Staffing and quality of care

The AARP published a study of Tennessee nursing homes. They concluded that as staffing levels increased, the number of lawsuits against the facility dropped dramatically.  This seems obvious but nursing homes still only staff to the minimum levels anyway.   The report also concludes that tort restrictions on damages or caps does not increase the quality of care.  In other words, the savings that the nursing homes get with tort reform are not passed on to the residents but rather go into the pockets  of the corporate owners as profit.   Here is the link to the report.

We have also uploaded it here www.scnursinghomelaw.com/uploads/file/qualitynursinghomereporttn2009.pdf

Violations reported in 94% of for profit nursing homes

The NY Times had a recent article about the prevalence of violations in the vast majority of nursing homes. National for profit chains seem to get more violations than others.  The article cited that more than 90 percent of nursing homes were cited for violations of federal health and safety standards last year.   About 17 percent of nursing homes had deficiencies that caused “actual harm or immediate jeopardy” to patients, said the report, by Daniel R. Levinson, the inspector general of the Department of Health and Human Services.

Problems included infected bedsores, medication mix-ups, poor nutrition, and abuse and neglect of patients.  Inspectors received 37,150 complaints about conditions in nursing homes last year, and they substantiated 39 percent of them, the report said. About one-fifth of the complaints verified by federal and state authorities involved the abuse or neglect of patients.

About two-thirds of nursing homes are owned by for-profit companies, while 27 percent are owned by nonprofit organizations and 6 percent by government entities, the report said.  The inspector general said 94 percent of for-profit nursing homes were cited for deficiencies last year, compared with 88 percent of nonprofit homes and 91 percent of government homes.

“For-profit nursing homes had a higher average number of deficiencies than the other types of nursing homes,” Mr. Levinson said. “In 2007, for-profit nursing homes averaged 7.6 deficiencies per home, while not-for-profit and government homes averaged 5.7 and 6.3, respectively.”

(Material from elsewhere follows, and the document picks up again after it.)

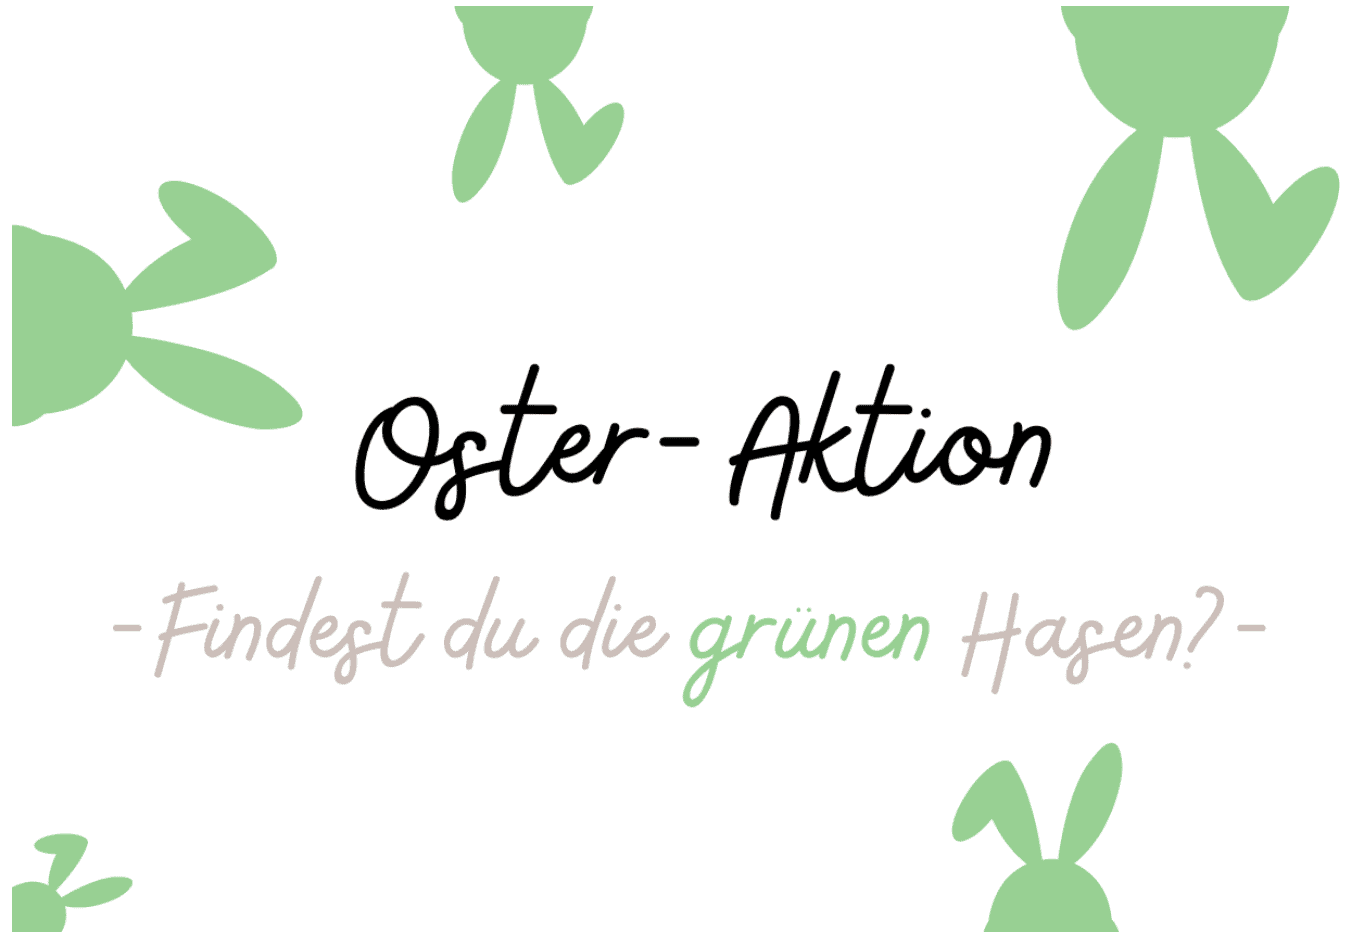 case_Salzgitter Oster-Aktion - Wer findet die grünen Hasen?

On Monday, Mr. Levinson issued a compliance guide for nursing homes that says some homes “have systematically failed to provide staff in sufficient numbers and with appropriate clinical expertise to serve their residents.” Researchers have found that people receive better care at homes with a higher ratio of nursing staff members to patients.

The inspector general said he had found some cases in which nursing homes billed Medicare and Medicaid for services that “were not provided, or were so wholly deficient that they amounted to no care at all.”

More than 1.5 million people live in the nation’s 15,000 nursing homes. The homes are only inspected once a year and must meet federal standards as a condition of participating in Medicaid and Medicare, which cover more than two-thirds of their residents, at a cost of more than $75 billion a year.

Medicare pays a fixed daily amount for each nursing home resident, with higher payments for patients who are more severely ill. Mr. Levinson said some nursing homes had improperly classified patients or overstated the severity of their illnesses so the homes could claim larger Medicare payments.

 

National for profit chains provide less staff and deficient care

Newsday ran a story from the Hartford Courant about how states relying on nursing home chains raise concerns about quality of care provided to the residents.

The article states that large, for-profit chains nursing home chains dominate Connecticut's market, according to an analysis of federal data released Sunday by the Hartford Courant. Such facilities have lower staffing levels and higher rates of serious patient-care violations than small chains and independently owned homes, according to the newspaper's review.

"Ownership is certainly a factor in quality of care," Toby Edelman, senior policy attorney with the nonprofit Center for Medicare Advocacy, told the Courant.

 

He said many of the larger chains have complex organizational structures with multiple layers of management. "They send a lot of money to their corporate offices," he said. "There can be a lot of distance between the owners and the facilities themselves. They're not on the ground."

The Courant looked at two years of inspection and ownership data from the federal Centers for Medicare and Medicaid Services for the more than 240 licensed nursing homes in Connecticut.  Adjusted for size, homes owned by large chains provided, on average, 16 percent fewer registered and licensed nurses than small-chain and independent nursing facilities, according to the data.

The state's large-chain homes had a 30 percent higher rate of causing patients harm or putting them in immediate jeopardy, the Courant determined. For the five large chains in Connecticut, which control about one third of the state's nursing home beds, such serious deficiencies occurred at a 42 percent higher rate than at homes not controlled by large chains.